**WHAT THE TASK ASKS:** Pictures in the listing below are skipped, while the lines from the "La Giudea - LA" line through the "paris photographer fashion" line are returned word for word.

**THE INPUT:**

____

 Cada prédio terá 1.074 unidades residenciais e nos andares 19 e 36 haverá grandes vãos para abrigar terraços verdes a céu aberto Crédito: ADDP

____

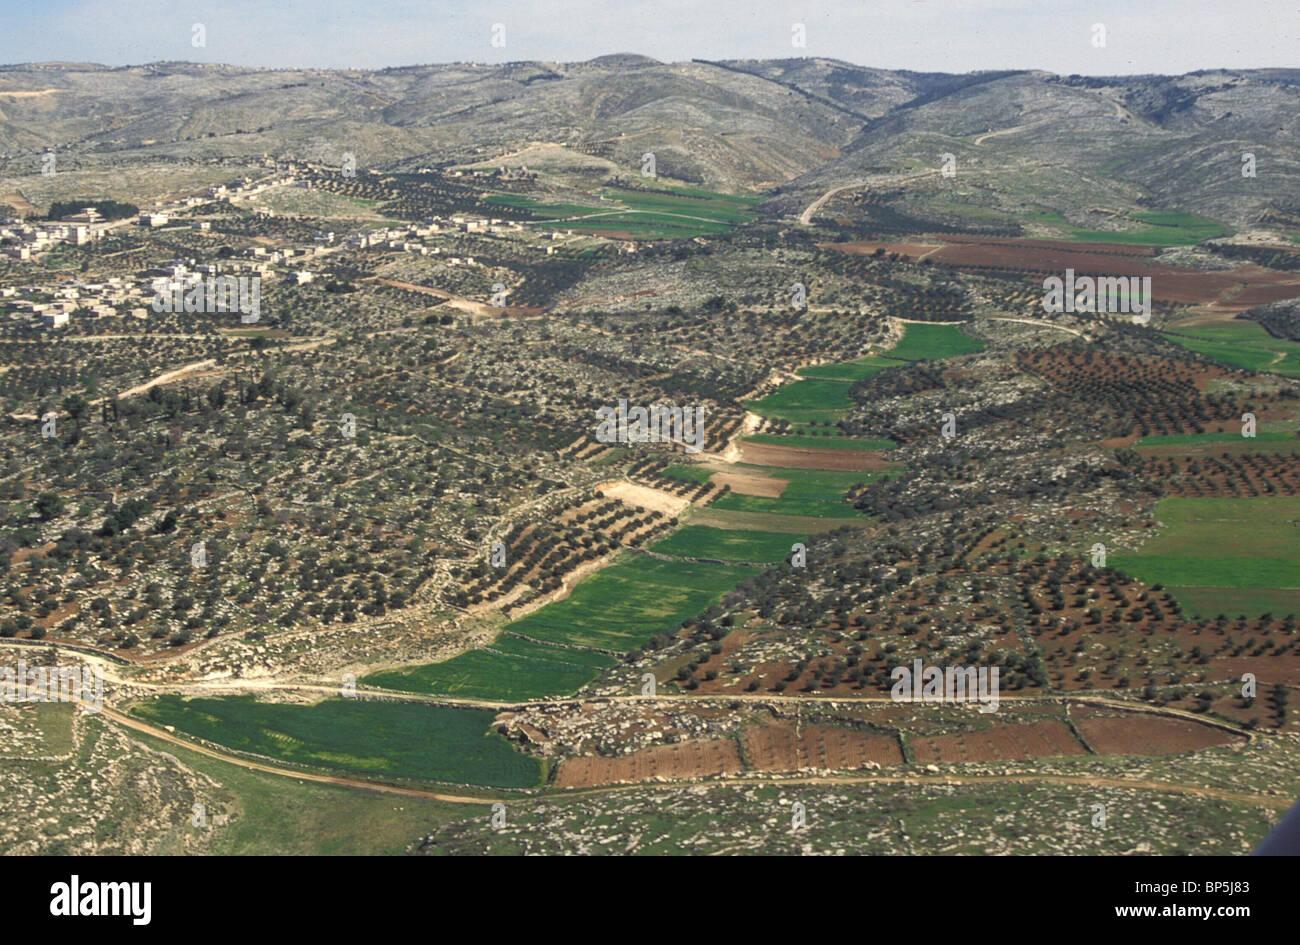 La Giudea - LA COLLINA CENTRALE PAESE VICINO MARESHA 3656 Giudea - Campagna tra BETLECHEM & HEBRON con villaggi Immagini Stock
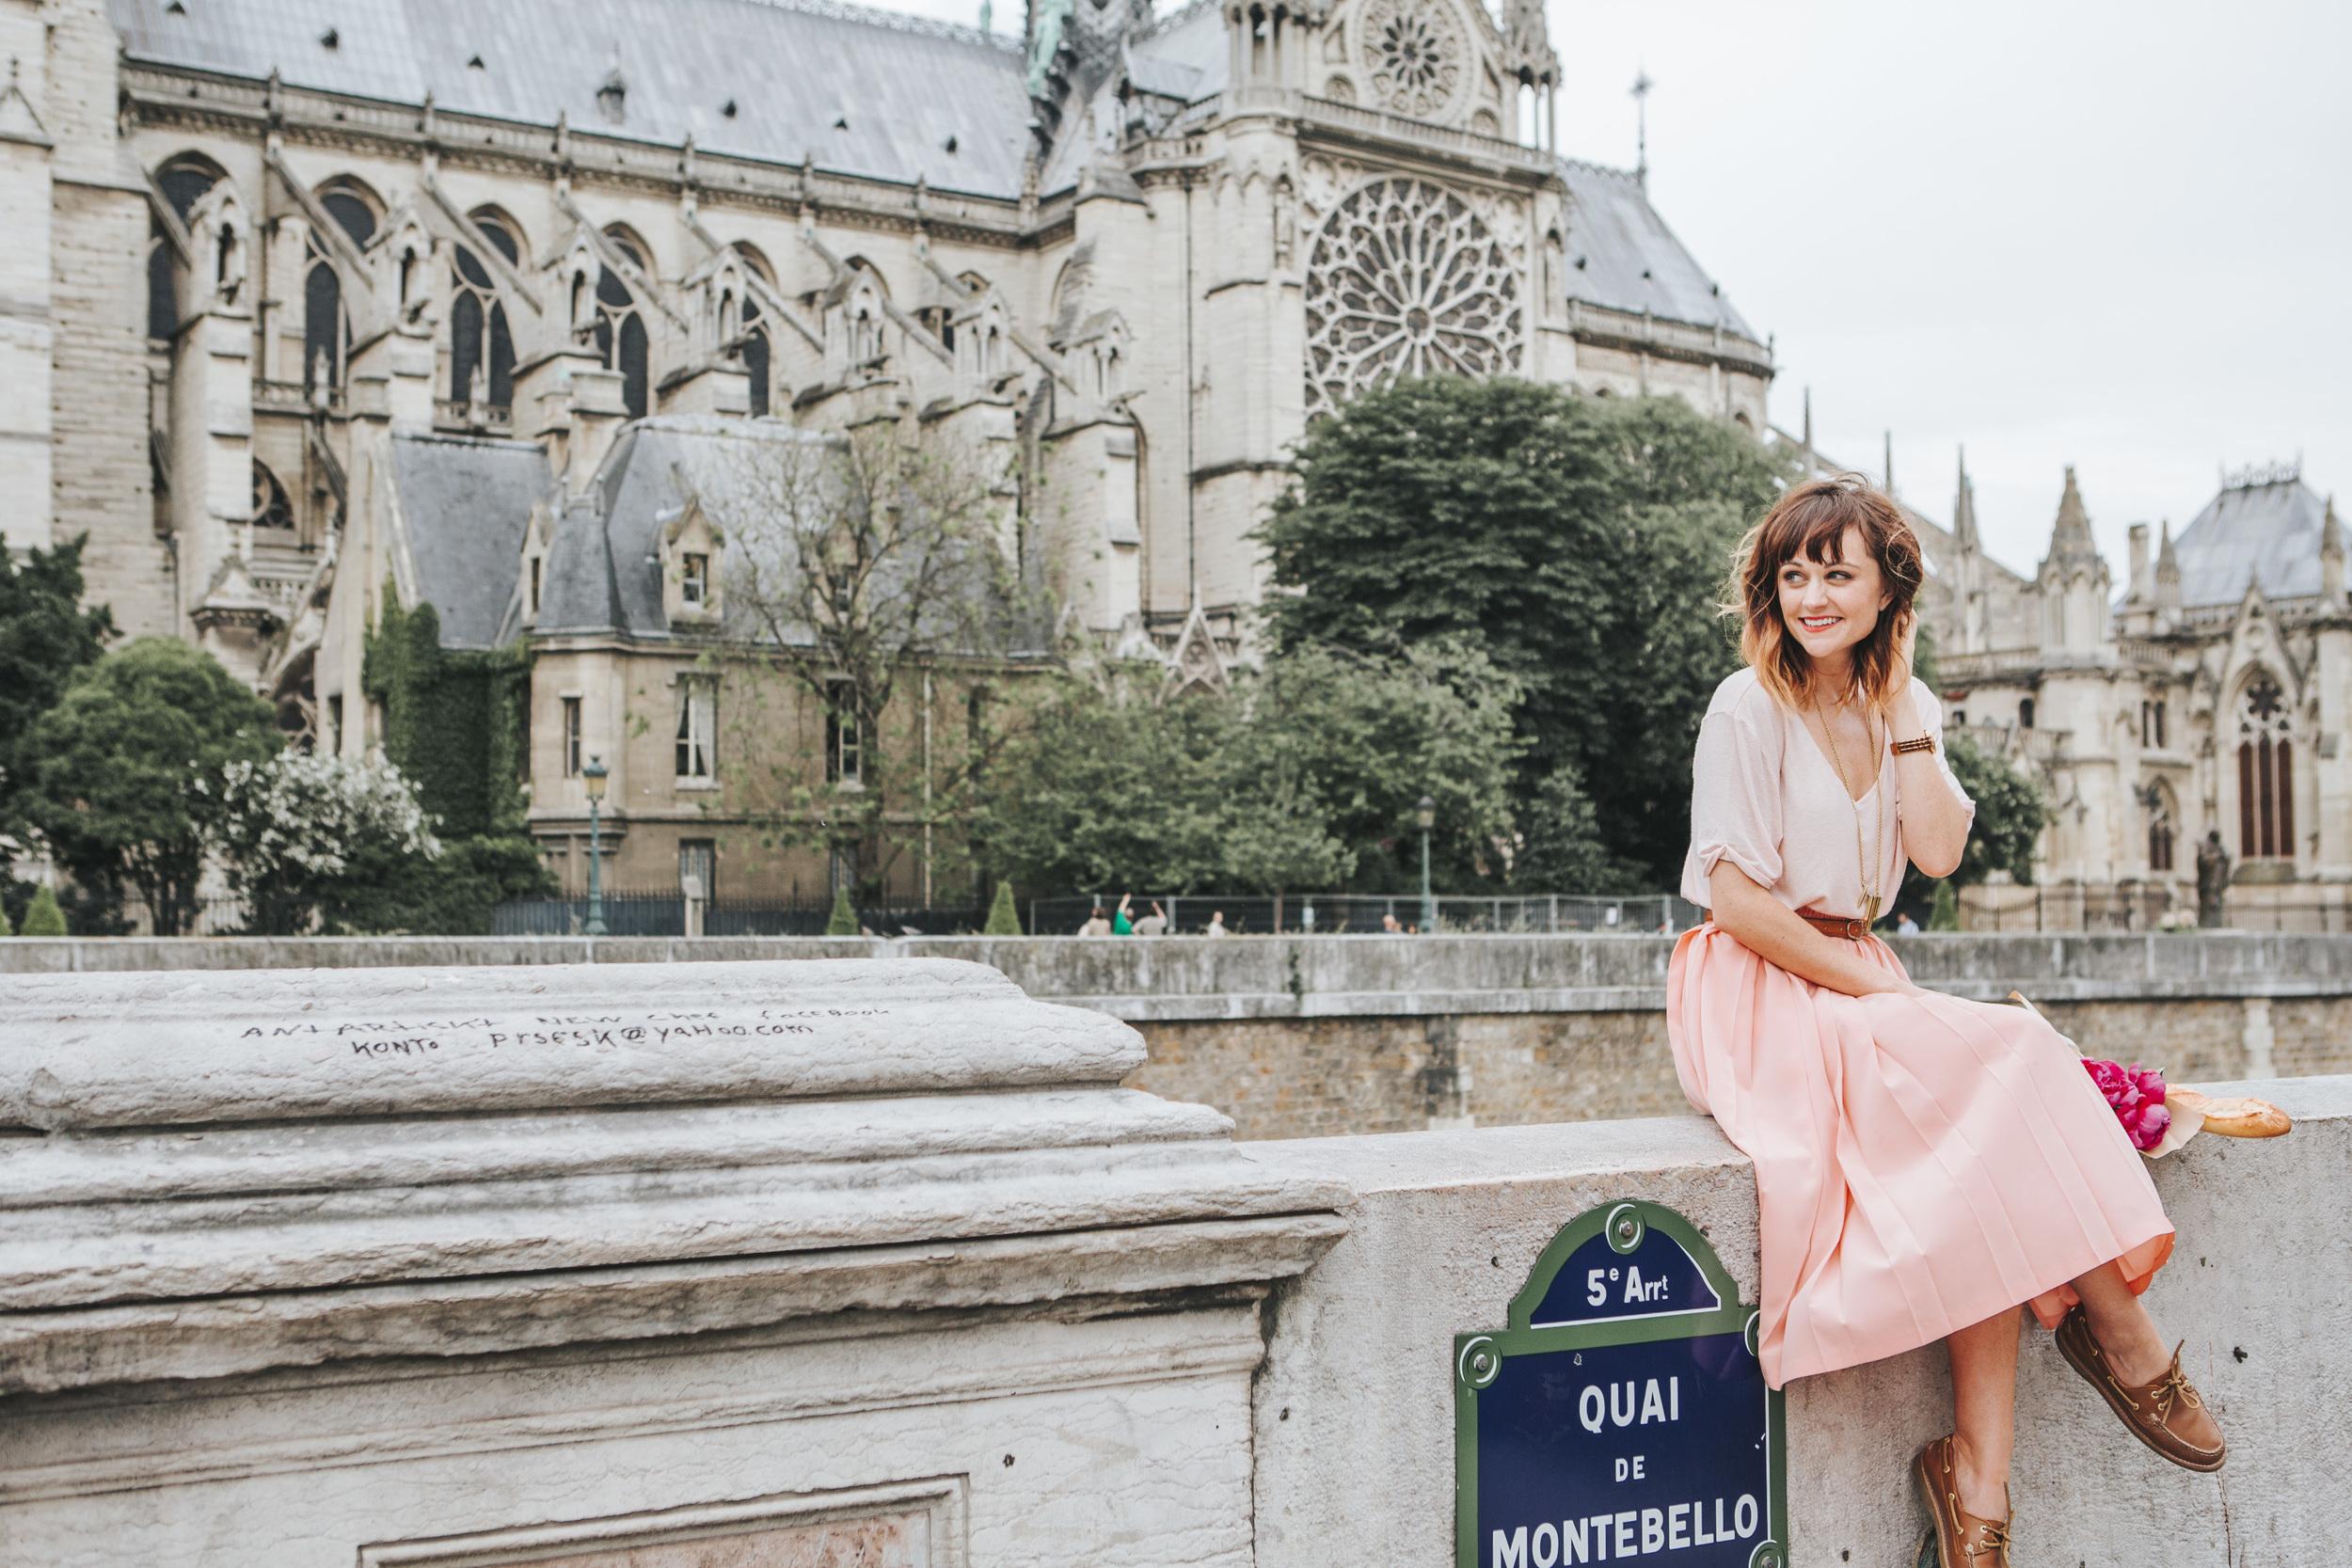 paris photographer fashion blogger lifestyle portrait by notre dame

____

**TASK RESPONSE:**
 La Giudea - LA COLLINA CENTRALE PAESE VICINO MARESHA 3656 Giudea - Campagna tra BETLECHEM & HEBRON con villaggi Immagini Stock
 paris photographer fashion blogger lifestyle portrait by notre dame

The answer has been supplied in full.